Kevin Standlee (kevin_standlee) wrote,
Kevin Standlee
kevin_standlee

Ain't That Cool!

This afternoon when I logged off of Day Jobbe, Lisa was ready to try to replace the fan motor on the travel trailer's air conditioner. I will start with a spoiler: It works! But getting there wasn't easy.

RV AC Motor

Here's another look at the old motor in place. The fan would barely turn by hand at all.

New AC Motor

This is the replacement motor ("installed but never used", per the description from the seller), with the radiator fan blade from the old unit attached. Lisa pulled the fan off and washed years of grime off before attaching it. Whereas the fan wouldn't budge on the old motor, it spun freely on the new one.

AC Cleaning

With the AC cover removed, Lisa took to cleaning out as much dirt and dust out of the unit as possible.

Blow Out

She used the leaf blower to blow any loose dirt out of the unit. Some heroic dust bunnies flew away and took to the skies.

Solid AC Crud

When Lisa first tossed this stuff down, I thought it was a dirt-encrusted cover. No, Lisa told me, it's just dirt. Many years of accumulated dirt on the condenser that she peeled away. Without all of this dirt blocking the condenser, it should work much better.

With the unit cleaned out, Lisa tried to remove the old motor. This was much more difficult than expected. The motor sits between the radiator fan (shown in one of the photos above) and a "squirrel cage" fan on the condenser side. To remove the motor, you have to disconnect a small screw that secures the squirrel-cage fan to the motor shaft. Except she couldn't get at the screw. It's inside a sub-assembly that defied her attempts to access it, and scraped up her hands for her efforts.

Normally, I'm not a fan of instructional videos, but in this case I'm glad that I was able to find this video about replacing the motor on a similar unit, which gave us the hint needed to get at that blasted screw. Even then it's something that makes one nervous, because you're twisting the metal pipes that hold the AC coolant, and if they break, it's game over.

Eventually, Lisa was able to work the holding screw off the squirrel-cage fan, remove the old motor, and fit the new one into place and re-attach the holding screw. After that, she very carefully moved the condenser unit back into place and secured it. Then came the second-most difficult part: the wiring.

AC Fan Motor Wiring (Before Replacement)

Lisa took this picture of the wiring before starting work and had me print it for her to use as reference up on the roof.
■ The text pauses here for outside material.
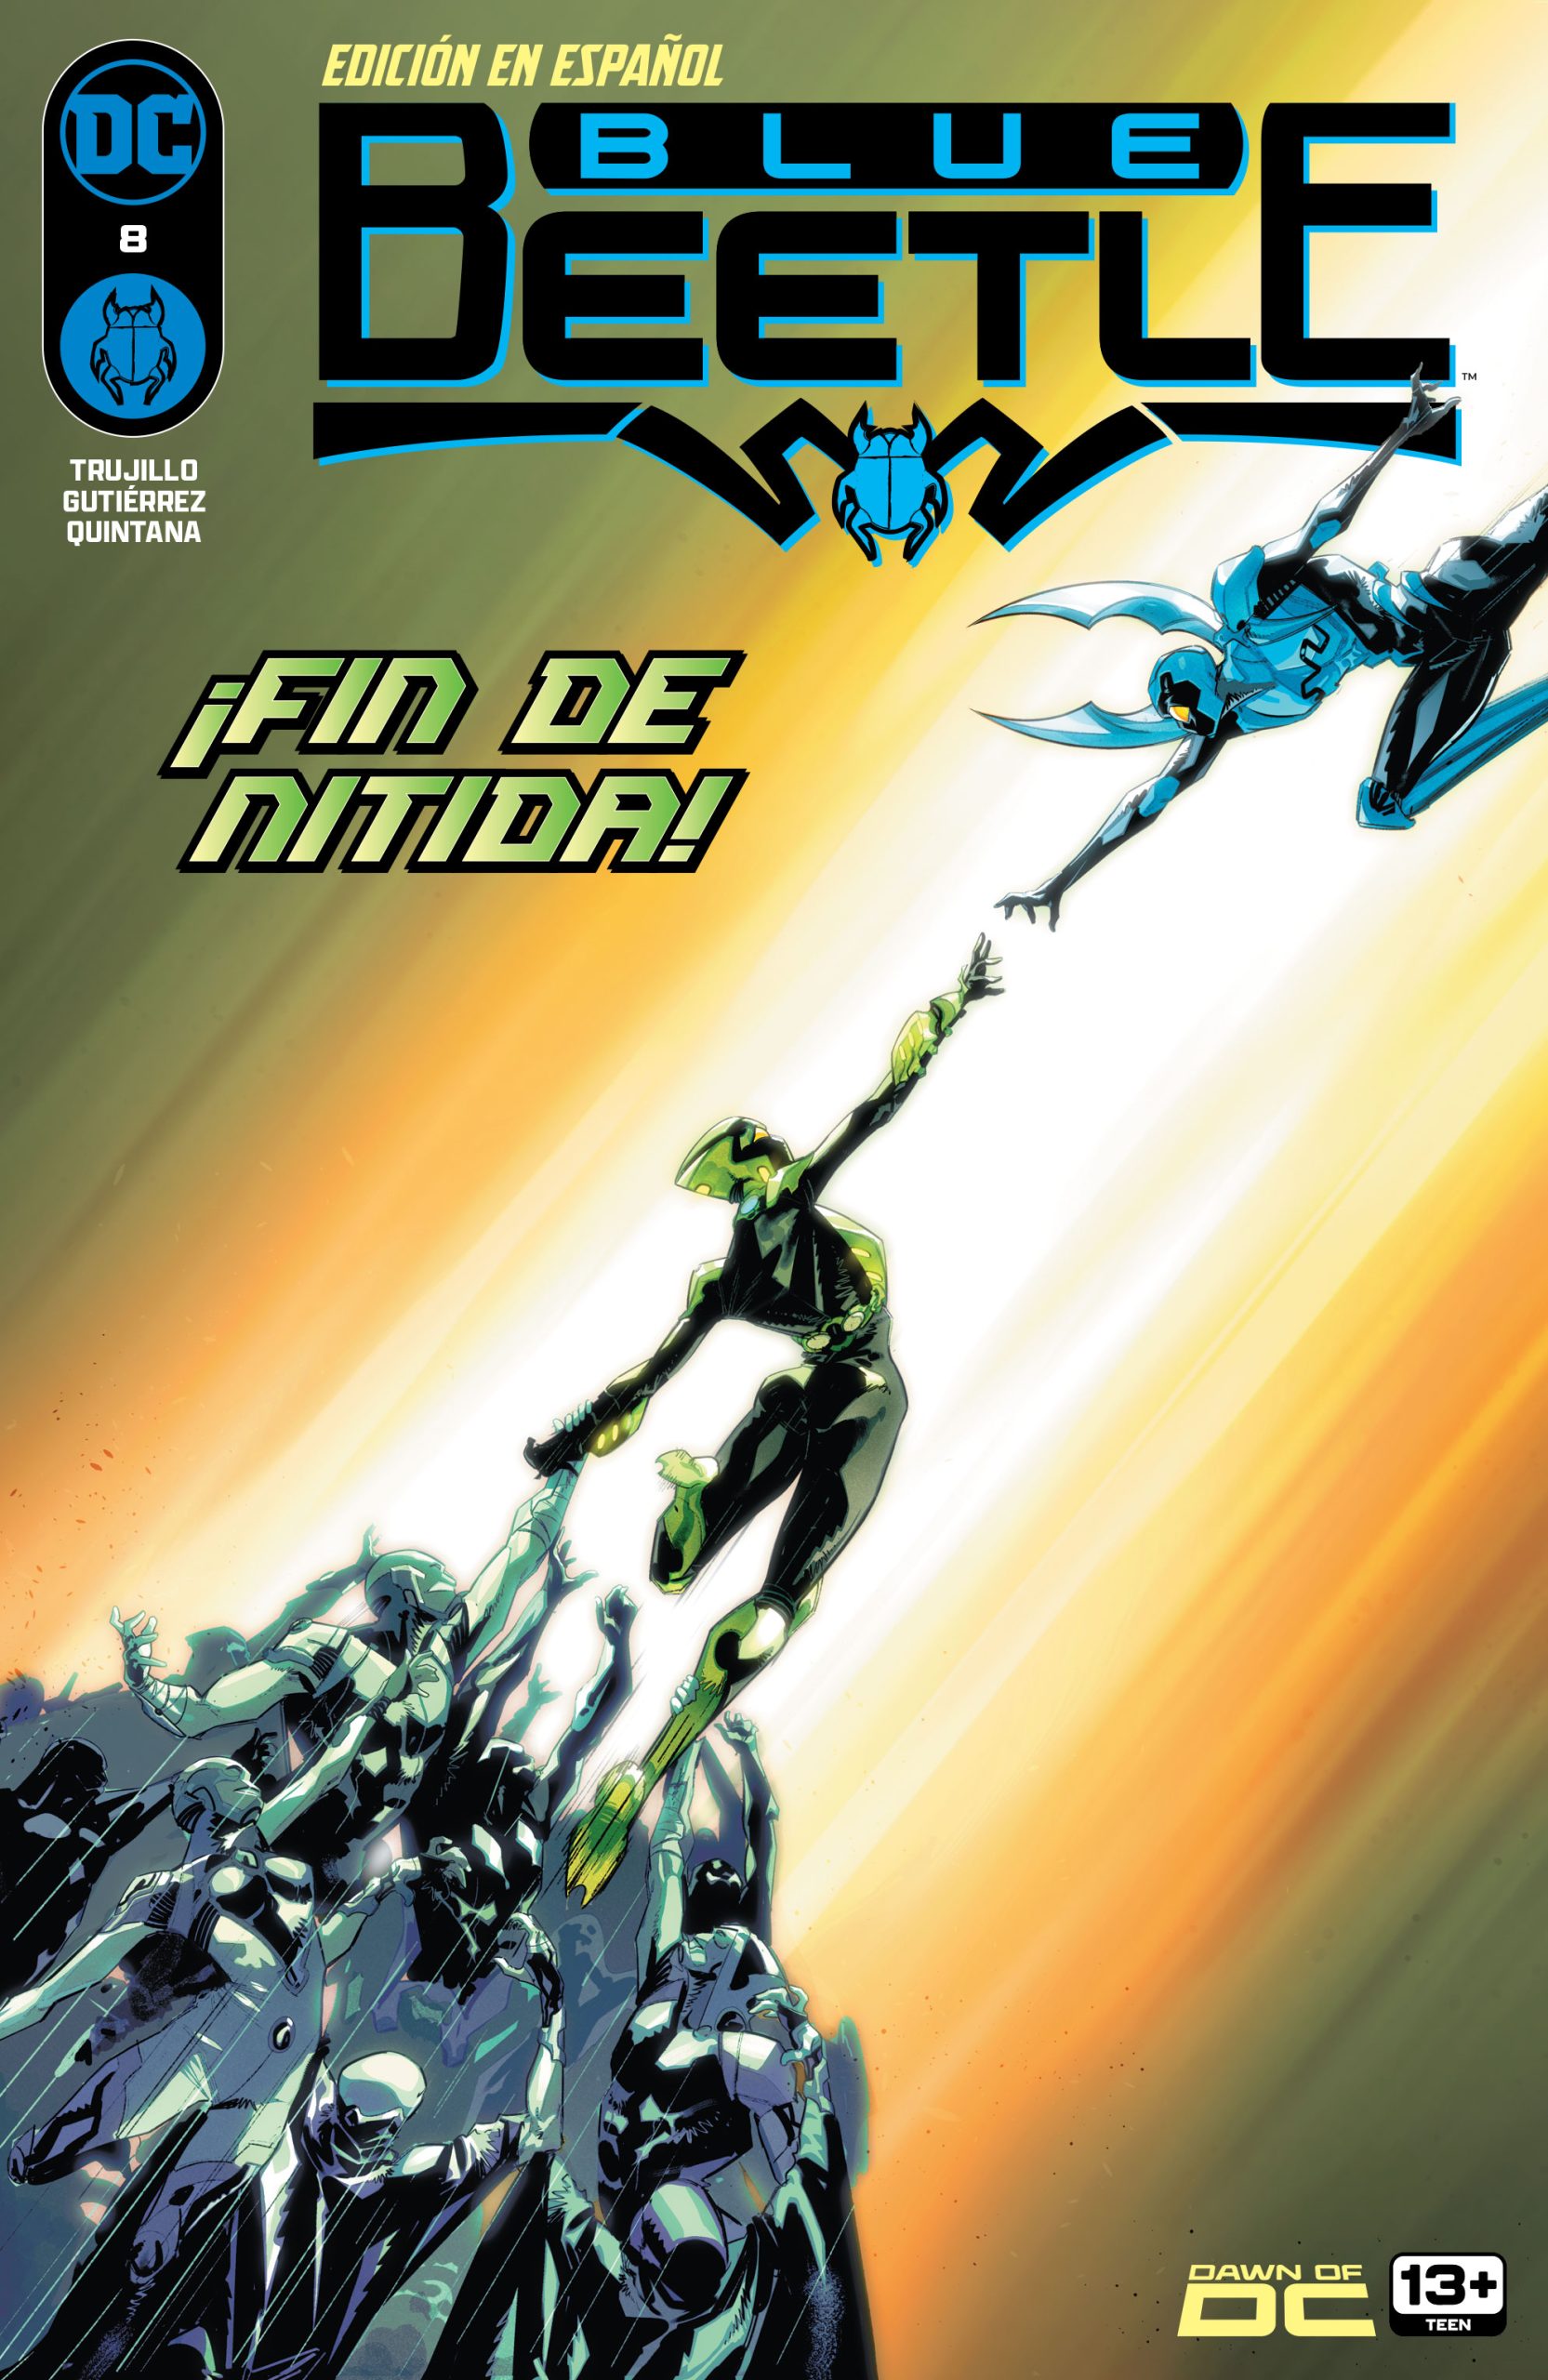 DC Preview: Blue Beetle #8 (Edición en Español)

These wires run to the fan motor (out of sight to the left where the wires come together) from the starting capacitor, thermal cut-out, ground, and on to the controls down inside the trailer.

As rather expected, the wires on the replacement fan are not long enough, as it was cut out of a salvaged unit. Lisa thus had to strip and splice wires, securing them with wire nuts. We did not get a photo of the result, but I reckon it's a bit tidier than the original. I'll try to remember to ask her to get a photo before she puts the top cover back on the unit.
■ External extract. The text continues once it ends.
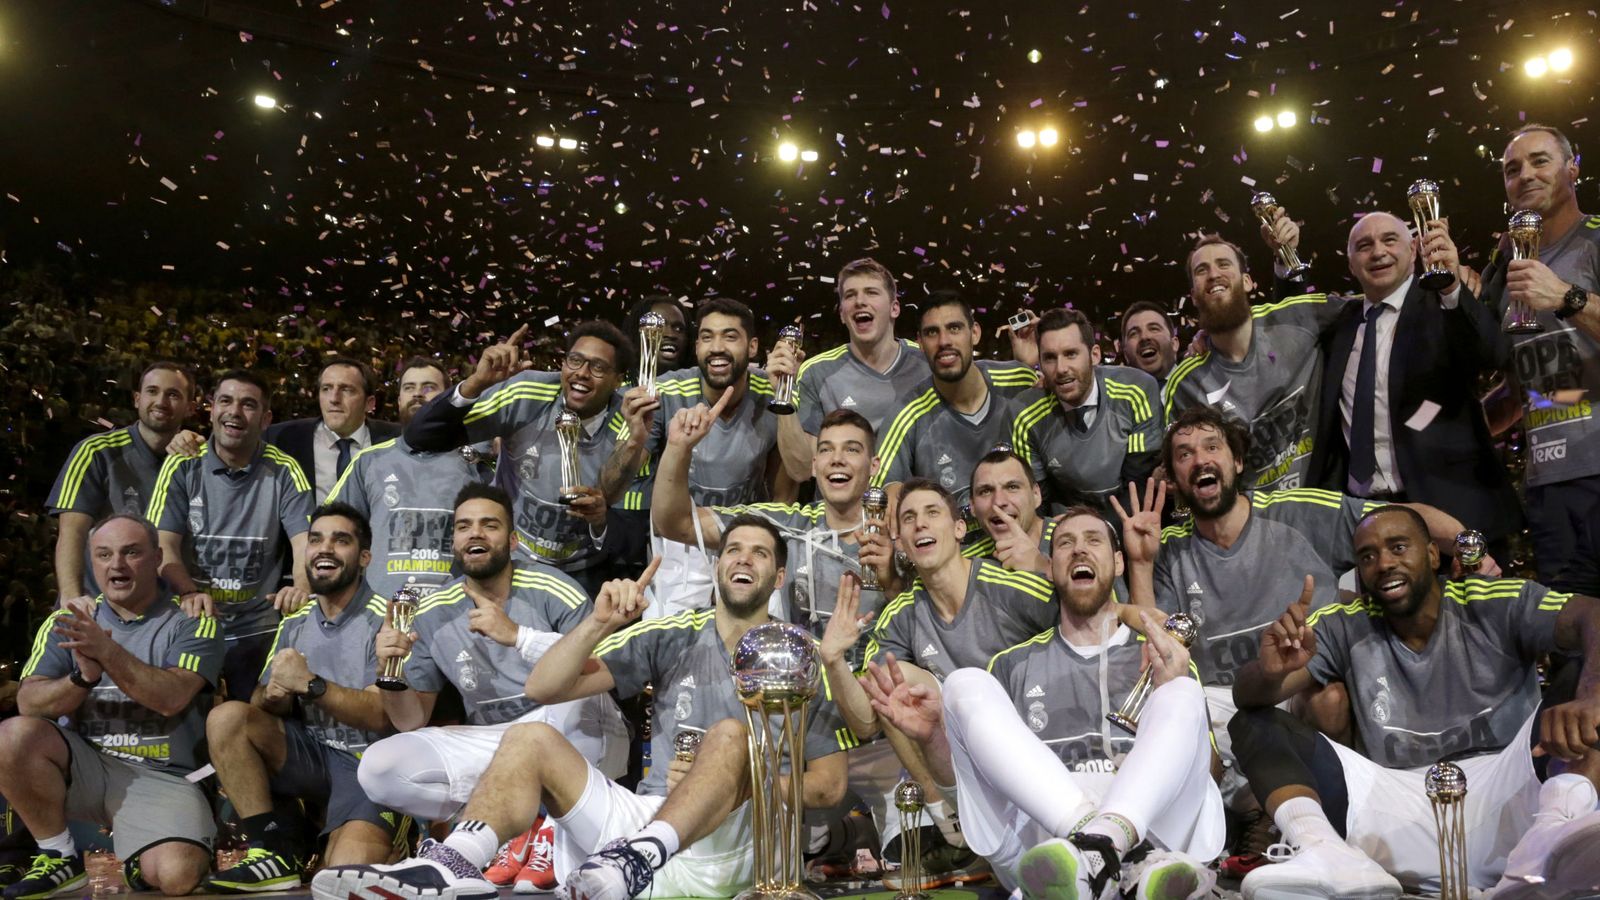 Foto: El Real Madrid ganó en 2016 su tercer título seguido. ¿Ganará en 2016 el tercero? (Lavandeira Jr/EFE)

With the motor back in place, the fans secured, and the wiring done, it was time to try the acid test. Lisa came down from the roof, plugged the power back in (everything was unplugged while she was working on it, of course), and turned on the switch. The fan immediately sprang to life! Then she cut in the condenser and waited a few minutes. Cold air!

We're not completely finished, but after putting away all of the tools and doing initial tidying up, Lisa was completely beat, and I don't blame her. All I did was sit in the shade and fetch tools when needed. (Lisa was in the shade as well, from the carport shelter. Also, it was cooler today, with the air temperature only 27°C in the shade rather than ten degrees hotter like it was last week.)
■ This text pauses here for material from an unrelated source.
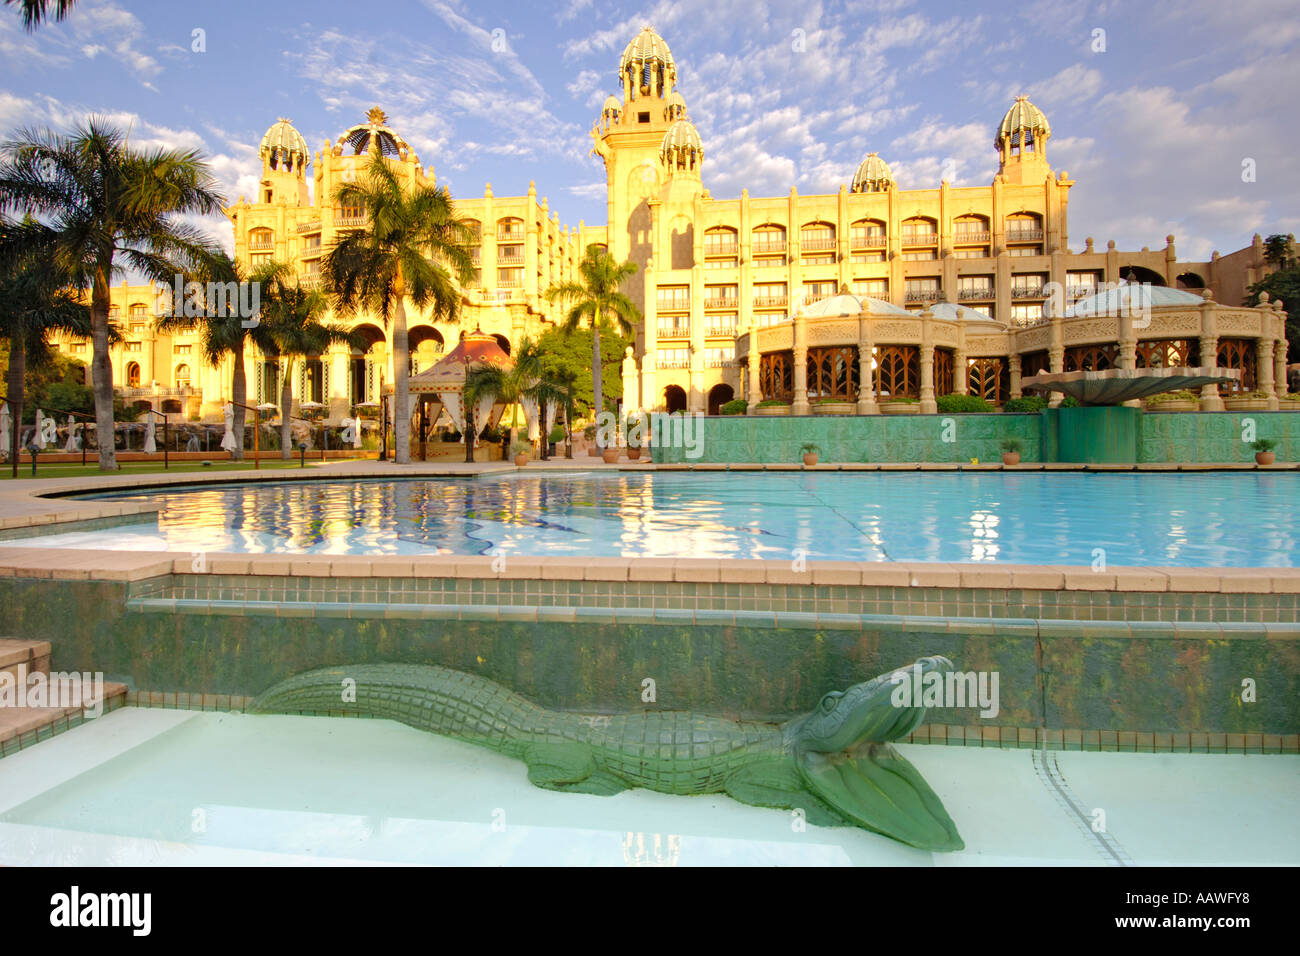 L'aube d'une vue sur la piscine à l'extérieur du palais de la Cité perdue dans l'hôtel Sun City Resort en Afrique du Sud. Banque D'Images

The swamp cooler will stay in place until at least tomorrow. I suggested that Lisa run the tank town all the way. (Swamp cooler pump motors are designed to run dry without harm.) That way it will be easier to take down, as the cooler is very light without any water in it.

I plan to see if we can have the existing motor rebuilt, as we assume it's either the bearings or the windings, and it would be good to have a working spare should this one give out. It's hard to complain too much about how long this one has lasted: 25 years.

Should everything work as planned, we'll start the rest of the clean-up and tear-down, and box up the swamp cooler and clear the "ziggurat" of pallets in the carport tomorrow or over the weekend. I'm really glad this worked, and that we were able to work around the problems until the part arrived and Lisa could make the repairs.